FIGURE 4-2. Oracle GoldenGate consolidation architecture (conceptual)
The opposite of the consolidation use-case is the data distribution use-case. This use-case is used when an organization wants to distribute subsets of data to smaller databases or remote office locations. The subsetting of data is where data integration becomes critical with this architecture. Knowing how to split the data for different sites is necessary to make this architecture work. Later in the chapter, we’ll discuss how to use functions to allow data to be split while in transit. Figure 4-3 provides a conceptual view of this architecture.
FIGURE 4-3. Oracle GoldenGate data distribution architecture (conceptual)
Another use-case similar to the unidirectional use-case is the near-zero-downtime migration. This use-case is often used to move an organization from different versions of Oracle Database or other heterogeneous environments to Oracle while ensuring operational integrity. Then, when ready, the organization can take a much smaller outage window and move critical business applications over to the new database platform.
The architecture for this use-case is what can be termed a “hybrid” architecture between unidirectional and bidirectional. This is because unidirectional replication is used to migrate the database, yet a return stream of data is used to ensure that data captured in the new environment is captured and sent back to the old environment (not applied) in case the migration fails. Figure 4-4 provides a conceptual view of this architecture.
FIGURE 4-4. Oracle GoldenGate near-zero-downtime migration (conceptual)
So far the discussion has resolved around the conceptual architectures of the use-cases used for data integration with Oracle GoldenGate. All the architectures discussed are built off of the simple architecture of unidirectional data replication. Let’s dig a bit deeper into the unidirectional architecture and identify what exactly is needed to make these architectures work.
Oracle GoldenGate consists of three basic processes regardless of the direction in which they are configured. These processes consist of a capture (extract) process, a data pump (extract) process, and an apply (replicat) process. In between these processes are files called trail files that aid in the movement of the data. Figure 4-5 provides a conceptual look at how Oracle GoldenGate is configured for a unidirectional architecture.
FIGURE 4-5. Oracle GoldenGate unidirectional
As illustrated in Figure 4-5, we have a capture process, trail files (local), a data pump process, and then trail files (remote) and an apply process. These processes all play a critical part in the data integration process when Oracle GoldenGate is used for replicat data. Table 4-1 provides a breakdown of what each of these processes does.
TABLE 4-1. Oracle GoldenGate Processes
As we go through this chapter, the processes outlined in Table 4-1 will be discussed as to how we can use them for data integration. Let’s take a closer look at each of these processes now.

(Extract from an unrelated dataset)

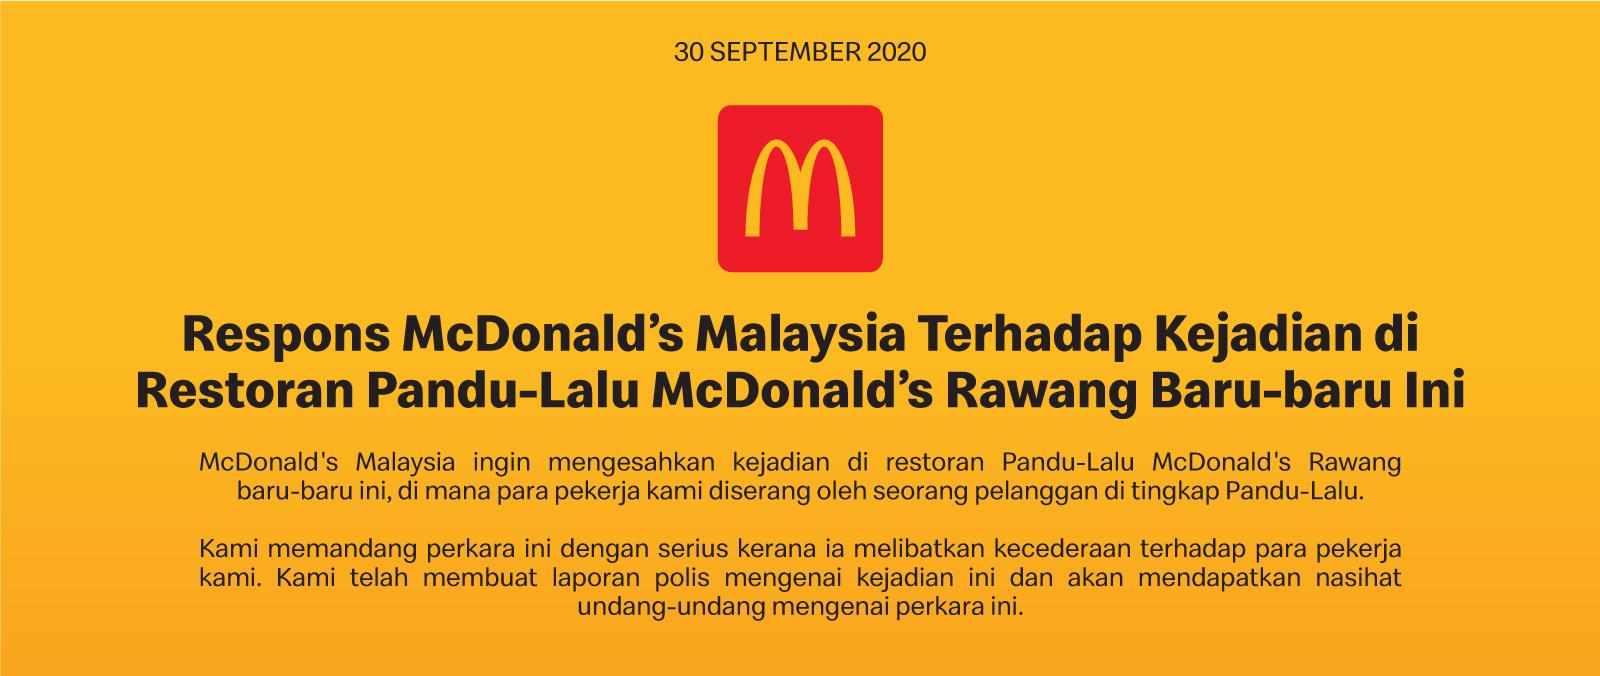 Respons McDonald’s Malaysia Terhadap Kejadian di Restoran Pandu-Lalu McDonald’s Rawang Baru-baru Ini's image'

For data integration purposes, the capture (extract) process is critical for capturing changed data from source systems. The capture process is used to extract data directly from the source and write the changed data captured to the local trail files. For Oracle databases, the capture process extracts data from the online redo log or from the archive logs (if configured). For other database platforms, the capture process extracts from similar transaction logs. The data that is captured is captured in real time, chronologically, when data is committed. In order to ensure that all the data is captured, the database needs to be configured to ensure that every transaction is captured as it is applied to the source database.
In order for the capture process to capture all the data as it is applied, the database needs to be configured to capture every change as it happens. The changes required are performed at the database layer; these changes ensure that supplemental logging and force logging are enabled for the database. Once these changes are made, they can be verified by looking at the supplemental_log_data_min and force_logging columns of the V$DATABASE view. The query shown in Listing 4-1 can be used to ensure that an Oracle database has these options turned on.
Listing 4-1 Check Oracle Database Logging Options
NOTE
Supplemental logging and force logging are specific to the Oracle database. Other databases that Oracle GoldenGate supports (heterogeneous) will have different requirements. Consult specific database documentation if required.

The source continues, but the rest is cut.